§ Exercise brief
Leave out every picture, and restate word for word only the lines from the one containing "reifer Koch zeigt foto" through the end of the material.
[Provided data — start]
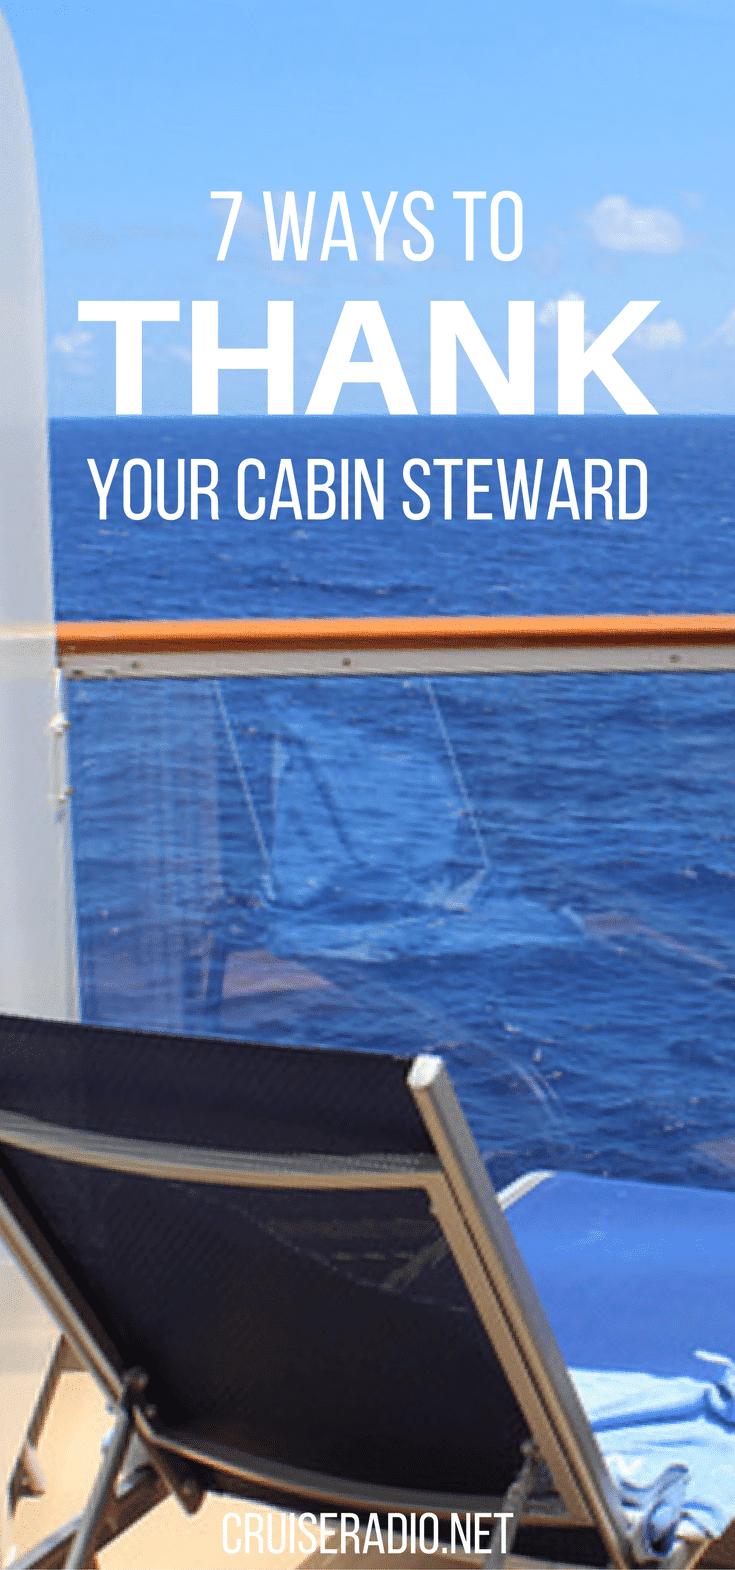 #cruise #travel #vacation #cruising #ship #traveltips
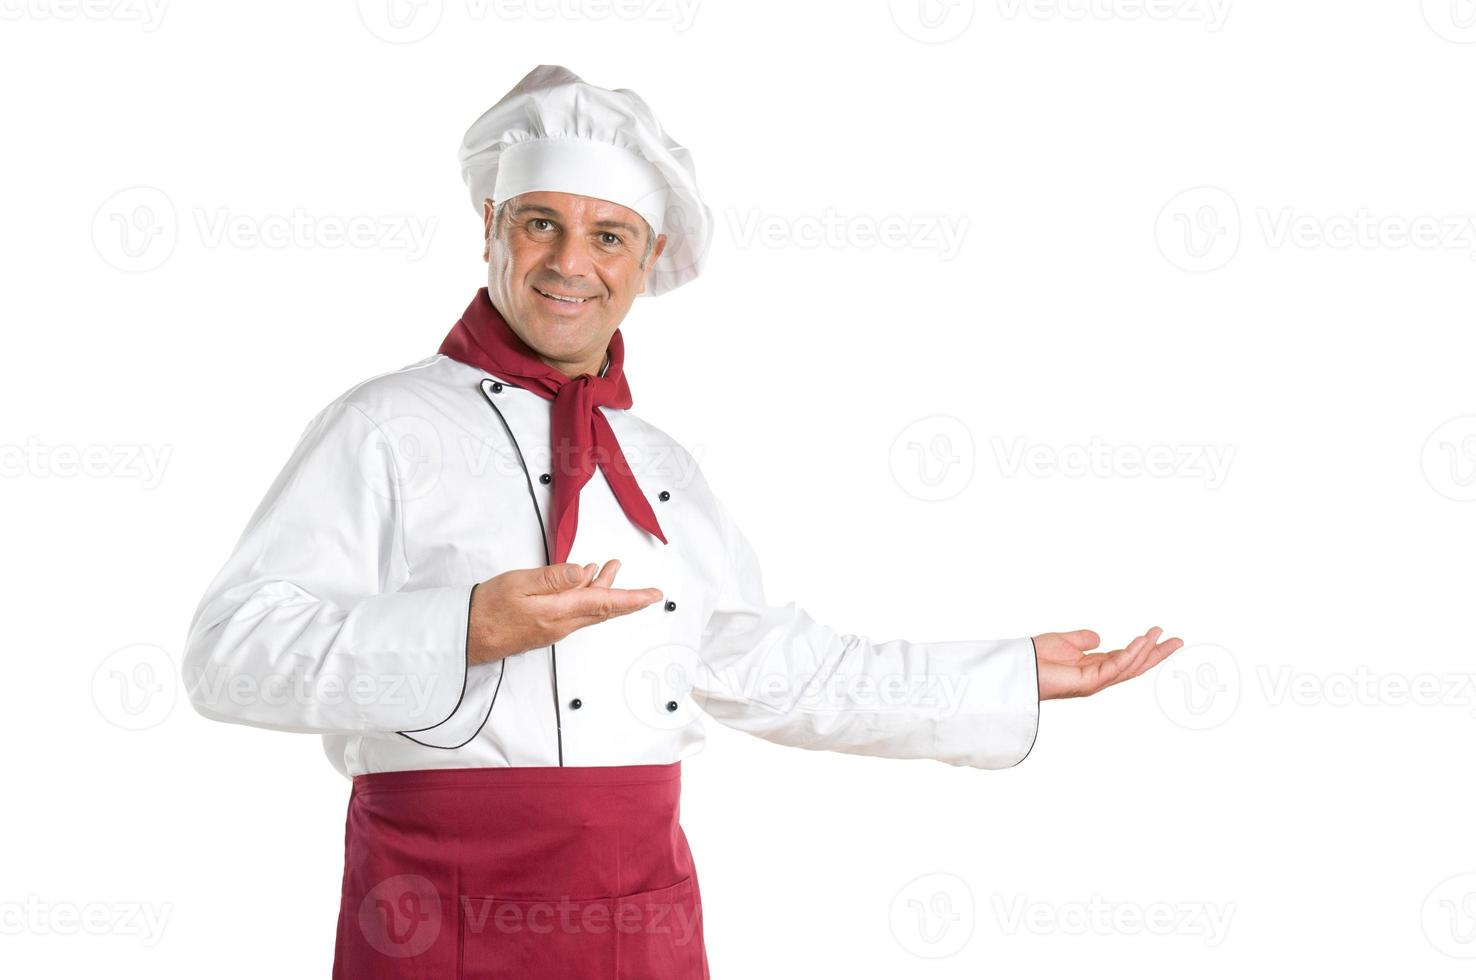 reifer Koch zeigt foto
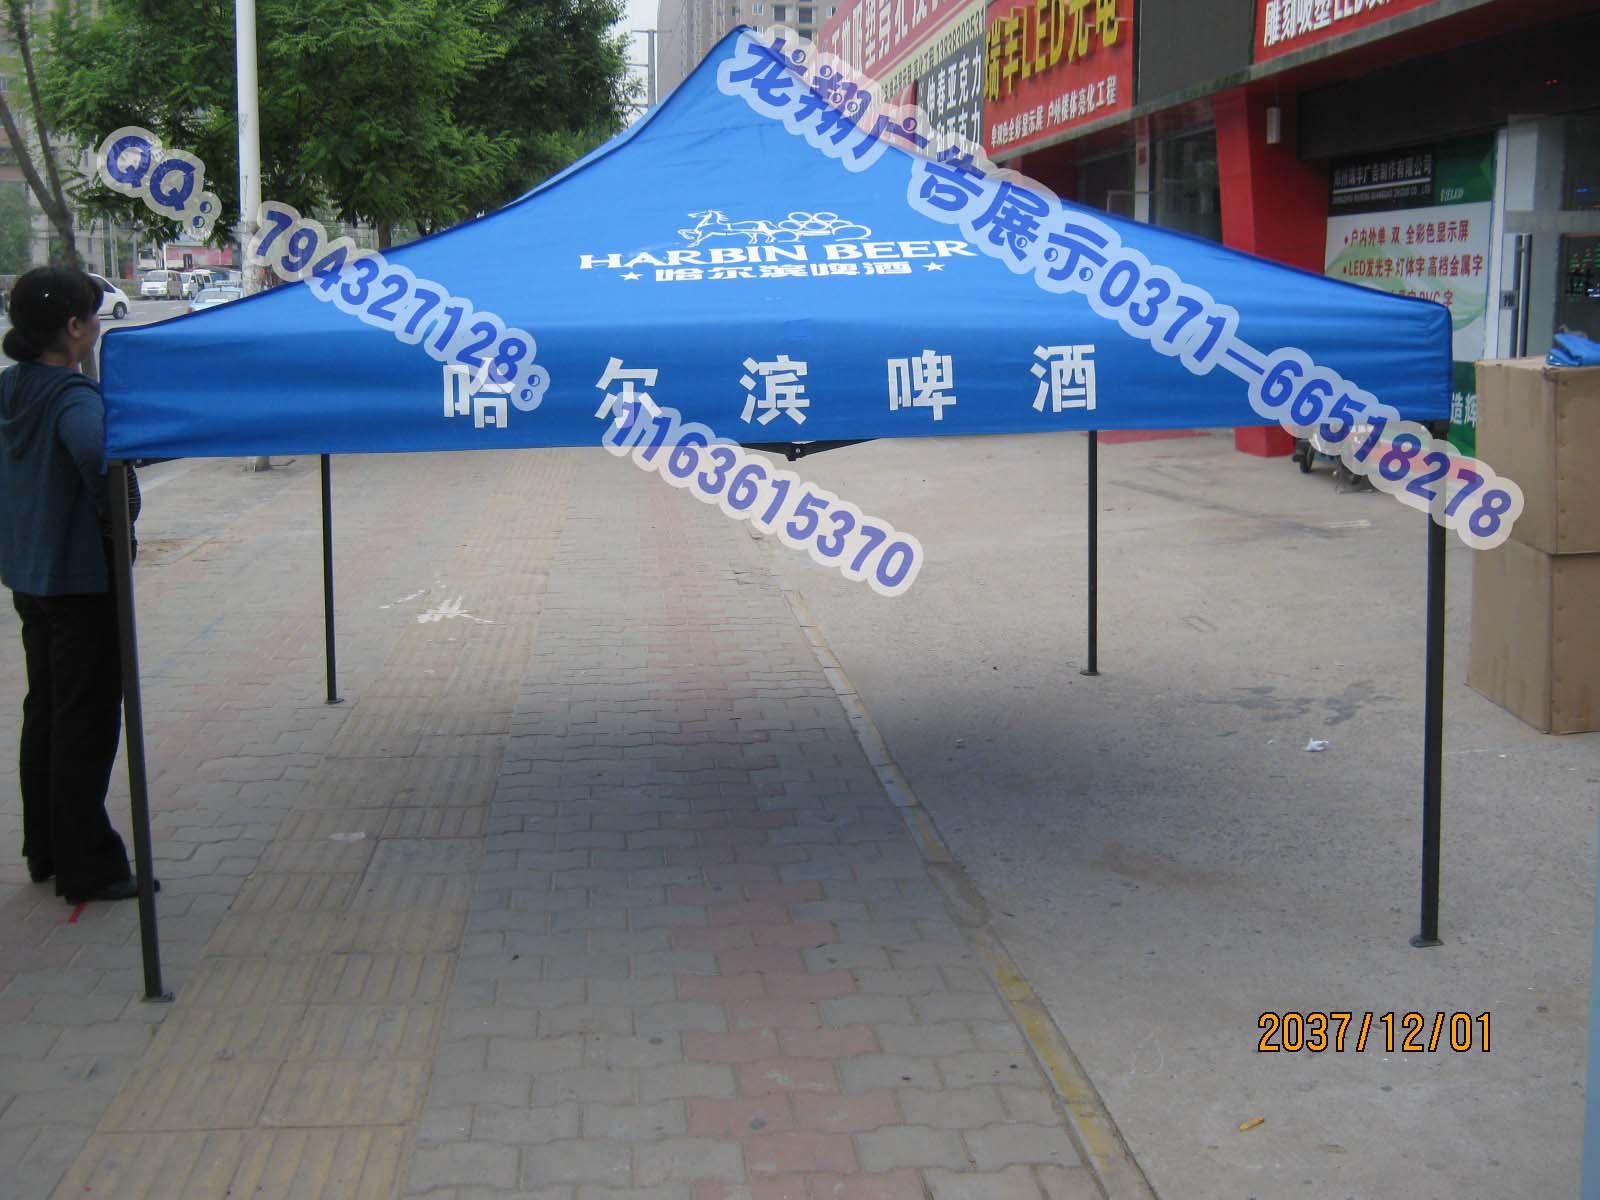 户外广告帐篷伞印字伸缩遮阳棚四角摆摊雨棚折叠定做展销活动
[Provided data — finish]
§ The answer
 reifer Koch zeigt foto
 户外广告帐篷伞印字伸缩遮阳棚四角摆摊雨棚折叠定做展销活动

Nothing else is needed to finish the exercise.